Global burden of skin disease as reflected in Cochrane Database of Systematic Reviews.

Author information

1
Columbia University College of Physicians and Surgeons, New York, New York.
2
Georgetown University School of Medicine, Washington, DC.
3
Centre of Evidence-Based Dermatology, University of Nottingham King's Meadow Campus, Nottingham, England.
4
Bruyere Research Institute, University of Ottawa, Ottawa, Ontario, Canada.
5
Cochrane Skin Group, Dermatology Department, Queen's Medical Centre, University Hospital, Nottingham, England.
6
Peninsula Dental School, Plymouth University, Plymouth, England.
7
Institut für Informatik, Universität Leipzig, Leipzig, Germany.
8
International Foundation for Dermatology, London, England.
9
Institute for Health Metrics and Evaluation, University of Washington, Seattle.
10
Department of Dermatology, Perelman School of Medicine, University of Pennsylvania, Philadelphia.
11
Cochrane Editorial Unit, The Cochrane Collaboration, London, England.
12
Centre of Evidence-Based Dermatology, University of Nottingham, Nottingham University Hospitals NHS Trust, Queen's Medical Centre, Nottingham, England.
13
Department of Dermatology, University of Colorado Anschutz Medical Campus, Denver14Department of Epidemiology, Colorado School of Public Health, University of Colorado Anschutz Medical Campus, Denver15Dermatology Service, Department of Veterans Affairs Me.

Abstract

IMPORTANCE:

Research prioritization should be guided by impact of disease.

OBJECTIVE:

To determine whether systematic reviews and protocol topics in Cochrane Database of Systematic Reviews (CDSR) reflect disease burden, measured by disability-adjusted life years (DALYs) from the Global Burden of Disease (GBD) 2010 project.

DESIGN, SETTING, AND PARTICIPANTS:

Two investigators independently assessed 15 skin conditions in the CDSR for systematic review and protocol representation from November 1, 2013, to December 6, 2013. The 15 skin diseases were matched to their respective DALYs from GBD 2010. An official publication report of all reviews and protocols published by the Cochrane Skin Group (CSG) was also obtained to ensure that no titles were missed.
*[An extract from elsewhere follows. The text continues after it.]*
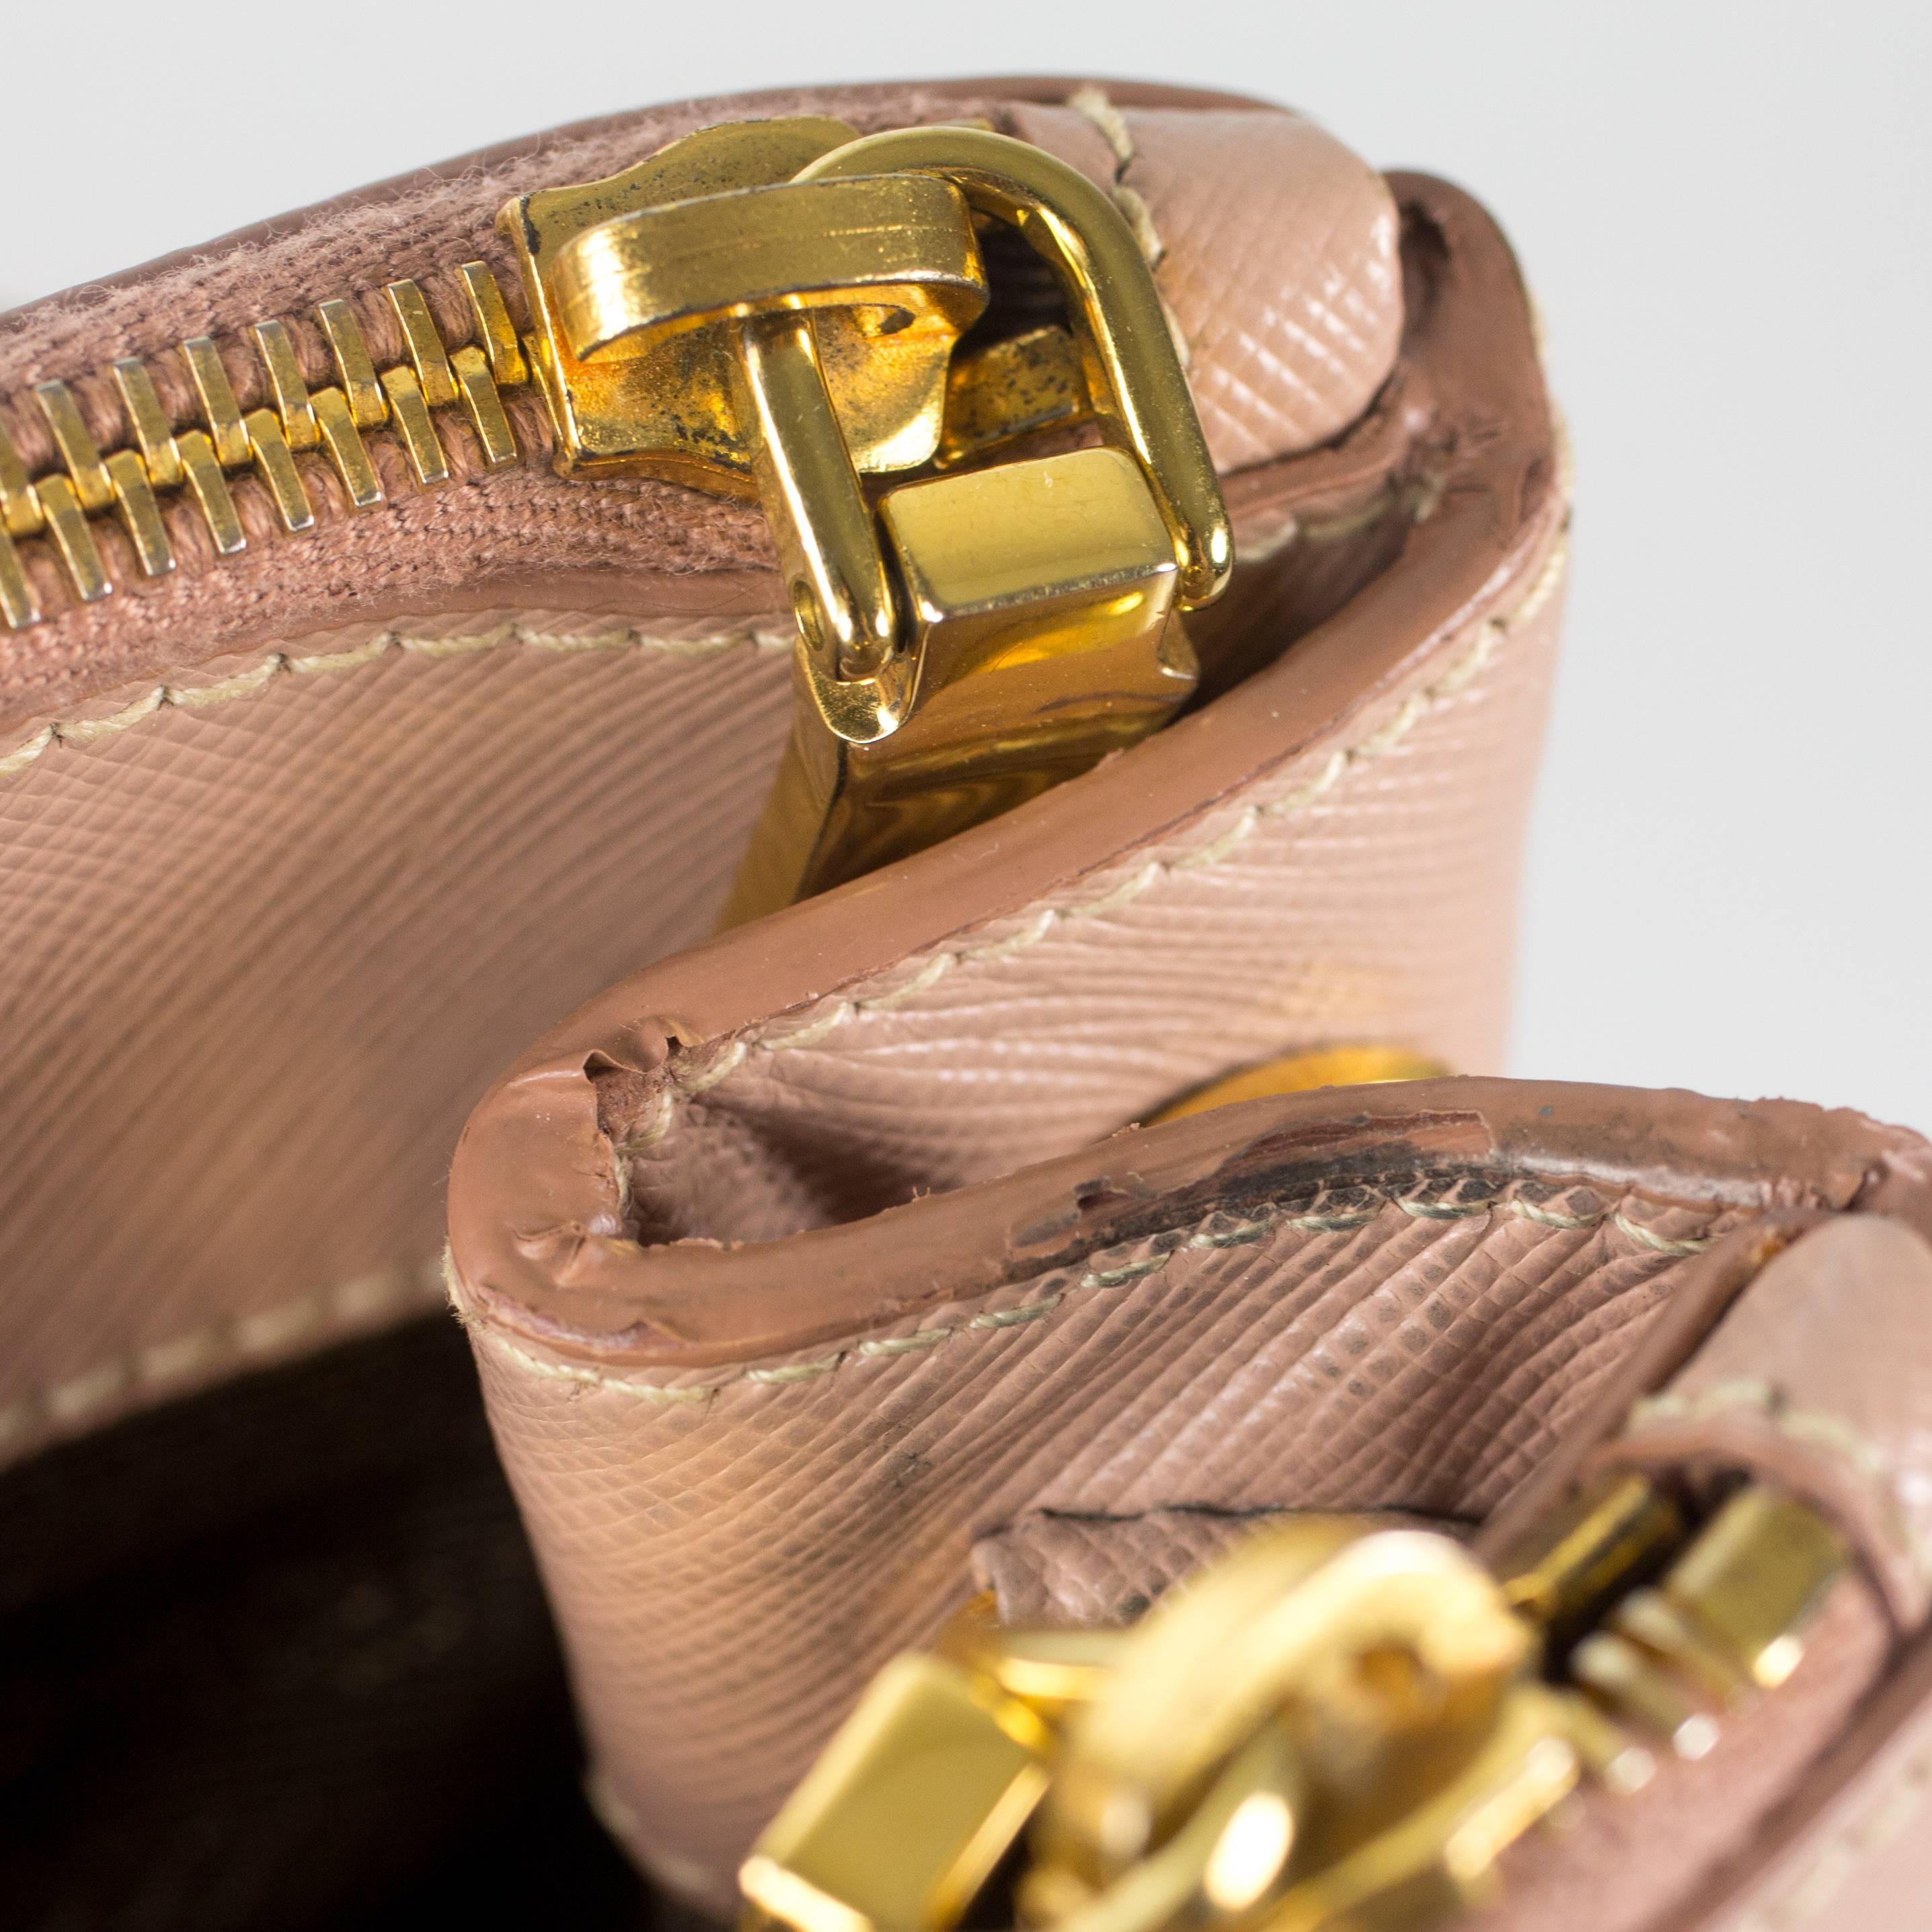 Prada Pink Saffiano Shoulder Bag - Leather Satchel Gold Handbag Tote 1

There were no study participants other than the researchers, who worked with databases evaluating CDSR and GBD 2010 skin condition disability data.

MAIN OUTCOMES AND MEASURES:

Relationship of CDSR topic coverage (systematic reviews and protocols) with percentage of total 2010 DALYs, 2010 DALY rank, and DALY percentage change from 1990 to 2010 for 15 skin conditions.

RESULTS:

All 15 skin conditions were represented by at least 1 systematic review in CDSR; 69% of systematic reviews and 67% of protocols by the CSG covered the 15 skin conditions. Comparing the number of reviews/protocols and disability, dermatitis, melanoma, nonmelanoma skin cancer, viral skin diseases, and fungal skin diseases were well matched. Decubitus ulcer, psoriasis, and leprosy demonstrated review/protocol overrepresentation when matched with corresponding DALYs. In comparison, acne vulgaris, bacterial skin diseases, urticaria, pruritus, scabies, cellulitis, and alopecia areata were underrepresented in CDSR when matched with corresponding DALYs.

CONCLUSIONS AND RELEVANCE:

Degree of representation in CDSR is partly correlated with DALY metrics. The number of published reviews/protocols was well matched with disability metrics for 5 of the 15 studied skin diseases, while 3 skin diseases were overrepresented, and 7 were underrepresented. Our results provide high-quality and transparent data to inform future prioritization decisions.

PMID:
24807687
DOI:
10.1001/jamadermatol.2014.709
[Indexed for MEDLINE]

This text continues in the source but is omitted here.